*** Opening Materials provided ***

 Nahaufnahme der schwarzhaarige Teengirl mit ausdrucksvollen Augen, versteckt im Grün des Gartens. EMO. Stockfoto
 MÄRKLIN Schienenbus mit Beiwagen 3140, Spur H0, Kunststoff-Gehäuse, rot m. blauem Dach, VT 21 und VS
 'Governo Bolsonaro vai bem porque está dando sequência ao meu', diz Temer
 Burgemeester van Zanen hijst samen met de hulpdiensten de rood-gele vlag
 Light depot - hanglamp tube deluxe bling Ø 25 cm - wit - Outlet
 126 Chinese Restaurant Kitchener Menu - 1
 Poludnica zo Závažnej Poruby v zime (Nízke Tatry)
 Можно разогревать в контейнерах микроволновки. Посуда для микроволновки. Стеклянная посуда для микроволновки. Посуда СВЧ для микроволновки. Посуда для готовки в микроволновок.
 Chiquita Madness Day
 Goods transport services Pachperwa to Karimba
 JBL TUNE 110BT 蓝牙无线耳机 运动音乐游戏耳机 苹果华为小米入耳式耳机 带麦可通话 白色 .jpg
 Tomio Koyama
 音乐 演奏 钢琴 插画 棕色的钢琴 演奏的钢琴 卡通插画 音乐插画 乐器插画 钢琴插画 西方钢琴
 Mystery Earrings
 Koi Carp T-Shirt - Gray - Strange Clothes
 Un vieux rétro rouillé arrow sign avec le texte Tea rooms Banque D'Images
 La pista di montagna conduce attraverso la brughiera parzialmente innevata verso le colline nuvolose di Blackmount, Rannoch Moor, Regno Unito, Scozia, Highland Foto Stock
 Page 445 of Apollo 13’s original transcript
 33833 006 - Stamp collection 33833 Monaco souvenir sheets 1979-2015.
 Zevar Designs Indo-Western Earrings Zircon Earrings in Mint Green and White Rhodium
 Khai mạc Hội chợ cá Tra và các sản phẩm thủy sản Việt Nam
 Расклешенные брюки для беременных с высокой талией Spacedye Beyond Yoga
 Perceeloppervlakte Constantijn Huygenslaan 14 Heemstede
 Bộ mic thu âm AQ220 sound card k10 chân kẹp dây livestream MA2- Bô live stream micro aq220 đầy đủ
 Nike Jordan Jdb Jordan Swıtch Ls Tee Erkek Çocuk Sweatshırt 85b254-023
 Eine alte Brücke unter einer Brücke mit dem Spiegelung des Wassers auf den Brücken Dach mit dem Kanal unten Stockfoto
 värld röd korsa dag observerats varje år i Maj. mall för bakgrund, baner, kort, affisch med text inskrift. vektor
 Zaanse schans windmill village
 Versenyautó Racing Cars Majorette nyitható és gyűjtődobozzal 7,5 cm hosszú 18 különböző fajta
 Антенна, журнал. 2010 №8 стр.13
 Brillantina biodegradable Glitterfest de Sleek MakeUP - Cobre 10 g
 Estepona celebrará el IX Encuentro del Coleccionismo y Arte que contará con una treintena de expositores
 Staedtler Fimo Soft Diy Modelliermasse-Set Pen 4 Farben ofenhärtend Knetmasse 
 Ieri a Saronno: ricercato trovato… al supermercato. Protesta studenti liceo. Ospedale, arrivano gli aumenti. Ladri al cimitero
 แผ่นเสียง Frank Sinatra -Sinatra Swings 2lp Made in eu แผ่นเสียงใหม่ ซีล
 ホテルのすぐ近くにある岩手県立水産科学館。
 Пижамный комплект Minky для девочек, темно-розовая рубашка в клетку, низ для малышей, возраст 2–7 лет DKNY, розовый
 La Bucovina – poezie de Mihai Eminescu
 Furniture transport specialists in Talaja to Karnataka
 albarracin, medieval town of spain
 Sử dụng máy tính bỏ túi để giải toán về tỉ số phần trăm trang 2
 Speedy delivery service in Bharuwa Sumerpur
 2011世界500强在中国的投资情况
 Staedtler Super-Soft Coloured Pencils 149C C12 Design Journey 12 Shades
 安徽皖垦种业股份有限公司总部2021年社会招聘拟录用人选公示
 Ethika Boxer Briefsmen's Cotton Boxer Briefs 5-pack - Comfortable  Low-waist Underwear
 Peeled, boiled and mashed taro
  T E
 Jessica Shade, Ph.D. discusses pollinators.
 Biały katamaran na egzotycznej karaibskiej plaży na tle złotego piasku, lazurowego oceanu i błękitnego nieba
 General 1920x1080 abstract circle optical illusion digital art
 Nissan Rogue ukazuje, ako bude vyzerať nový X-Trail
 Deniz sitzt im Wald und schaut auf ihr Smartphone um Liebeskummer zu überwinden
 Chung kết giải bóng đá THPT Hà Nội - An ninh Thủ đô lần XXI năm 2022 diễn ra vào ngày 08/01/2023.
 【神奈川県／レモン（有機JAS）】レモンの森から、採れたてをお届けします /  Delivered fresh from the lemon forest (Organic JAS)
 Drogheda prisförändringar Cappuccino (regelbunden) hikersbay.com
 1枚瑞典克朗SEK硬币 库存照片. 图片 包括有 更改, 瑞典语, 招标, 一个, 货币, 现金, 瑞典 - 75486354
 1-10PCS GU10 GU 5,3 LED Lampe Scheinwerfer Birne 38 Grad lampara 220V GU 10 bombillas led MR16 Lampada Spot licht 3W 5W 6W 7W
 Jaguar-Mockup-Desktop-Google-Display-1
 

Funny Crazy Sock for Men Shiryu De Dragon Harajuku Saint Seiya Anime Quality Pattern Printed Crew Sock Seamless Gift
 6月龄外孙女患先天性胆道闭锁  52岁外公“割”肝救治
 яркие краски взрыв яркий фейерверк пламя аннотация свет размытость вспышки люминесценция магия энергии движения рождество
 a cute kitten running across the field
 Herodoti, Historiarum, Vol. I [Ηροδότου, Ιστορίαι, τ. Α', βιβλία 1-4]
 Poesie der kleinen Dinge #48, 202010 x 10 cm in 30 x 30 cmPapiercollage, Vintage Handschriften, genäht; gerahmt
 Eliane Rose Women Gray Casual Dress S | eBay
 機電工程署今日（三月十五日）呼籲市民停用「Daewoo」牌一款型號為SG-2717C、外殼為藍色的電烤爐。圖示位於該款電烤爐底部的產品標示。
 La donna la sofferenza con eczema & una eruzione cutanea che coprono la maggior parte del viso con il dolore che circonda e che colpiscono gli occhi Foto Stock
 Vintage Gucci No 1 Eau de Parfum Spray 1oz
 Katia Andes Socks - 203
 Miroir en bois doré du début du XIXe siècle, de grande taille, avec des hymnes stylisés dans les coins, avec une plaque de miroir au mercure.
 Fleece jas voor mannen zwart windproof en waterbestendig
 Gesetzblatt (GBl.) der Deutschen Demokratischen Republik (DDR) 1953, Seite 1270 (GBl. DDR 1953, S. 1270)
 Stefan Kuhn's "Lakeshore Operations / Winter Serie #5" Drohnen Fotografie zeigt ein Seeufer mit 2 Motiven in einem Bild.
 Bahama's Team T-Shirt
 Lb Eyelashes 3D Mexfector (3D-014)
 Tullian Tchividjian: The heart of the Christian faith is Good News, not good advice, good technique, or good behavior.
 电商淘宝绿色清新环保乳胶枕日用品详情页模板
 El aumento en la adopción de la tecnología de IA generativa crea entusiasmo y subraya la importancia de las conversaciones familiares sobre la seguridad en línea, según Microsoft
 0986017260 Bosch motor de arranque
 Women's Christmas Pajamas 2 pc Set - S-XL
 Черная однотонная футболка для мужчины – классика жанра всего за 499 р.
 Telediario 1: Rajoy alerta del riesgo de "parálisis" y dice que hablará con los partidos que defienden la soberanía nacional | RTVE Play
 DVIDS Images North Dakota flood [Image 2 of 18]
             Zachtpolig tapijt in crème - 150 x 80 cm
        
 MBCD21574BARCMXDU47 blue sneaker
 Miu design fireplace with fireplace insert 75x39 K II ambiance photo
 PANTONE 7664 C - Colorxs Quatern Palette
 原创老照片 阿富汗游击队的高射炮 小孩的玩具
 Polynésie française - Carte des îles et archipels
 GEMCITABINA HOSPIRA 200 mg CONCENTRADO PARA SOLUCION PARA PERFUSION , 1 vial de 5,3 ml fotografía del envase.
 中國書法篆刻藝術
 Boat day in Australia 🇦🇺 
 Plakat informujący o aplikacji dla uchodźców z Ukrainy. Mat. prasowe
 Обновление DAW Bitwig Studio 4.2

*** Closing Materials provided ***

What the task requires :: Go through the data and gather every line that holds "Gray".

Answer to the exercise ::
 Koi Carp T-Shirt - Gray - Strange Clothes
 Eliane Rose Women Gray Casual Dress S | eBay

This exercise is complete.